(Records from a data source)
########################################

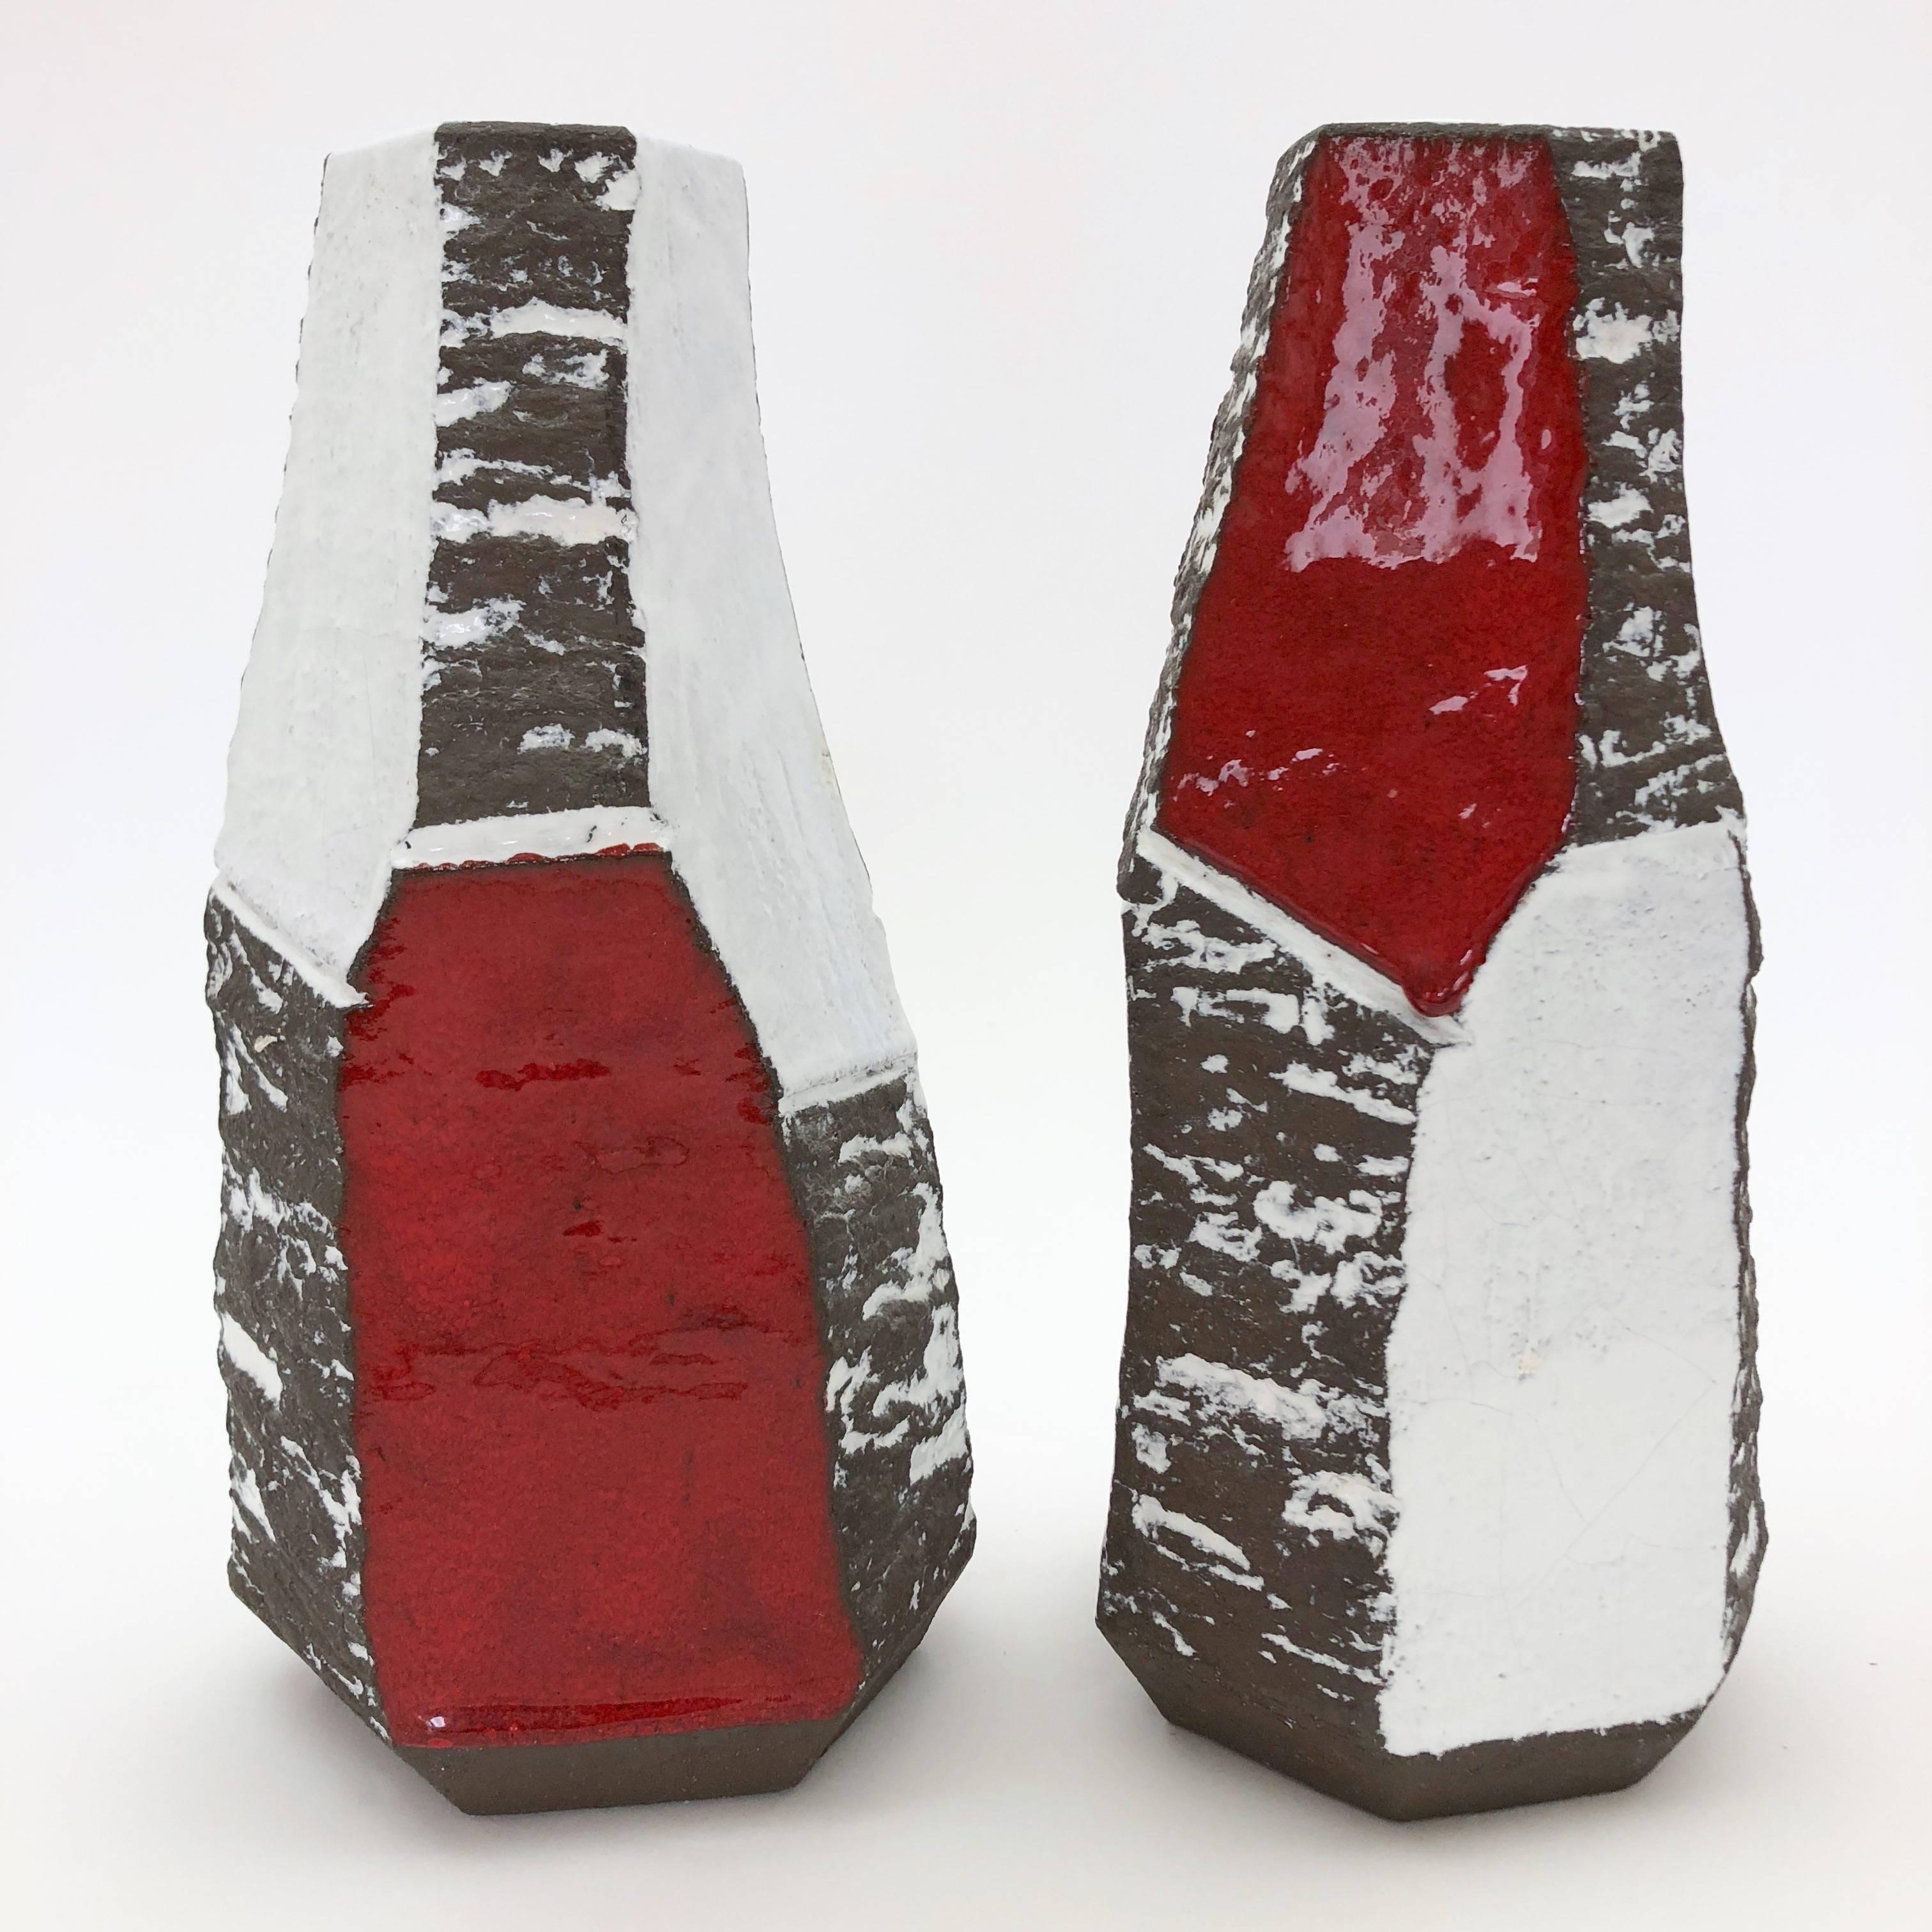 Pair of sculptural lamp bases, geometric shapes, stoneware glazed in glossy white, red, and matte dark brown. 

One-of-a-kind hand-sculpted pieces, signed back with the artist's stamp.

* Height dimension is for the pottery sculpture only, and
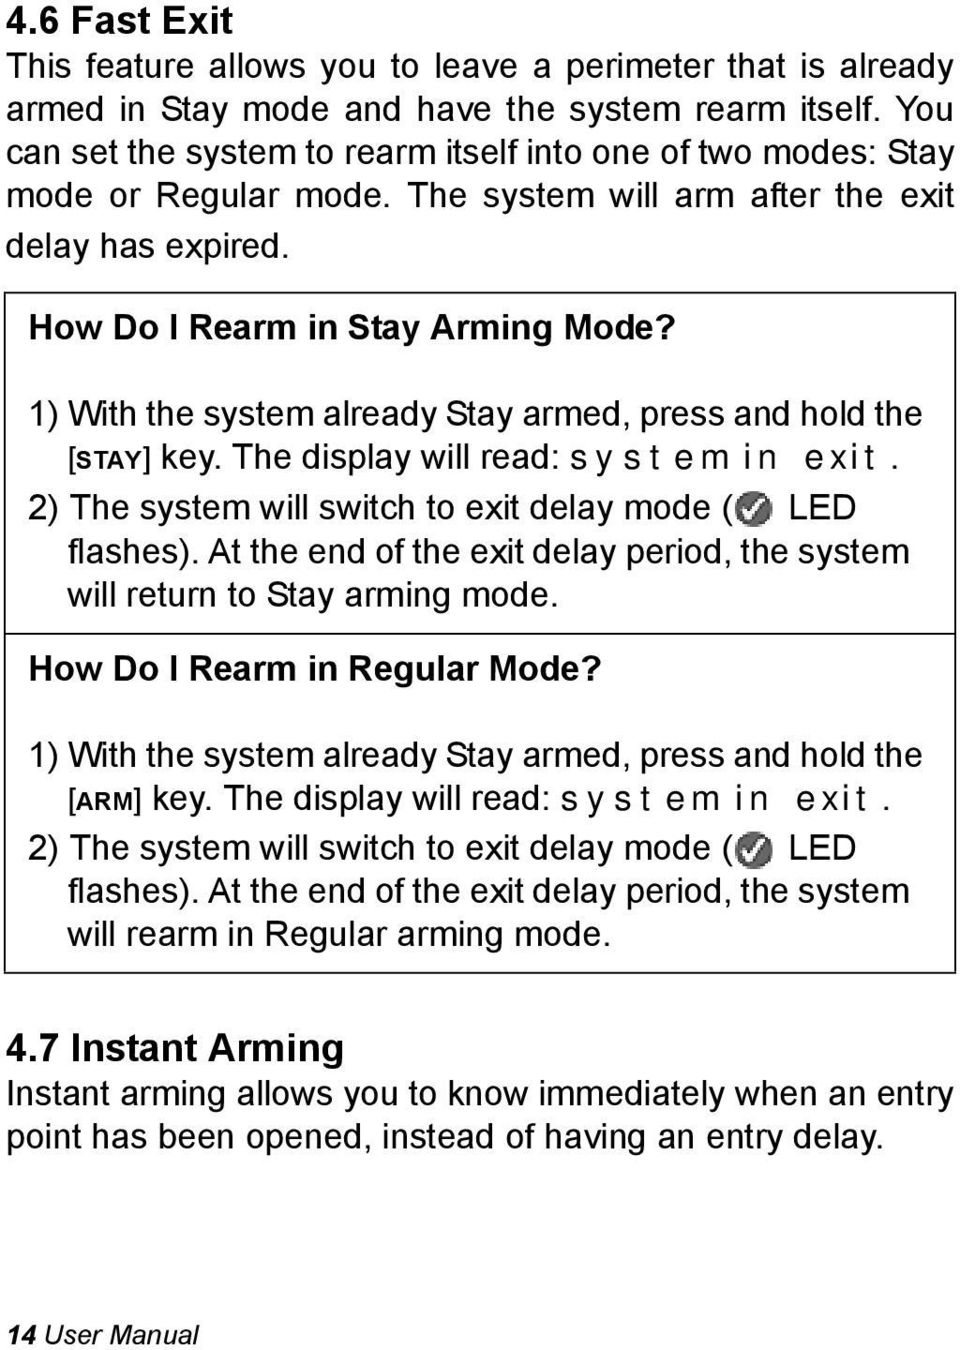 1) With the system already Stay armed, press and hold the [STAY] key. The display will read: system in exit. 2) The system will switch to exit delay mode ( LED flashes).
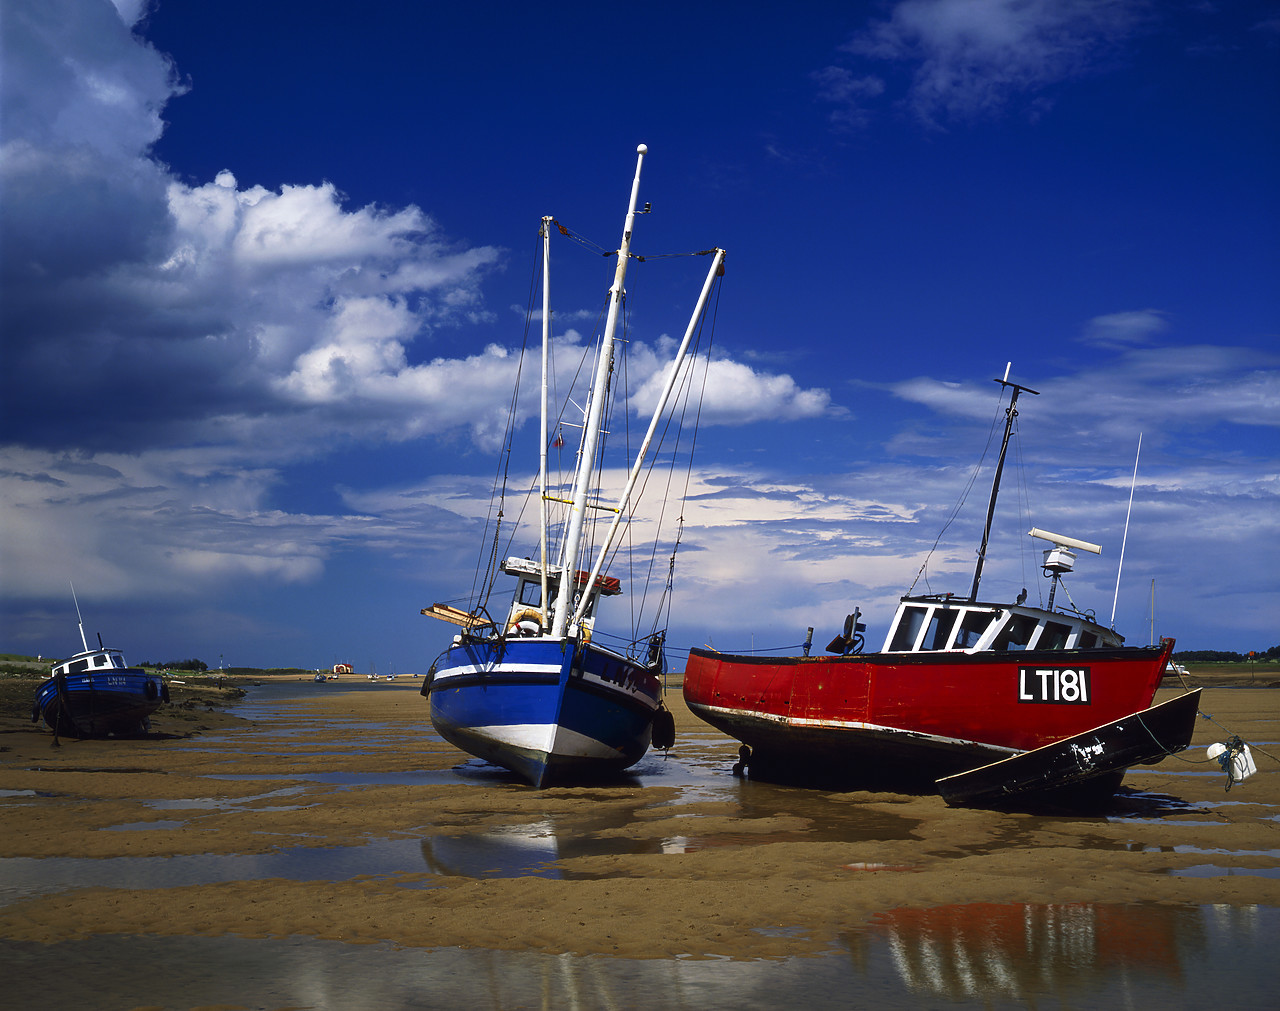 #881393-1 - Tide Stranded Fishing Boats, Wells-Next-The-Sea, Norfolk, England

########################################

Work instructions
Return the records word for word, leaving every picture out of the copy.

Expected answer
 Pair of sculptural lamp bases, geometric shapes, stoneware glazed in glossy white, red, and matte dark brown. 

One-of-a-kind hand-sculpted pieces, signed back with the artist's stamp.

* Height dimension is for the pottery sculpture only, and
 1) With the system already Stay armed, press and hold the [STAY] key. The display will read: system in exit. 2) The system will switch to exit delay mode ( LED flashes).
 #881393-1 - Tide Stranded Fishing Boats, Wells-Next-The-Sea, Norfolk, England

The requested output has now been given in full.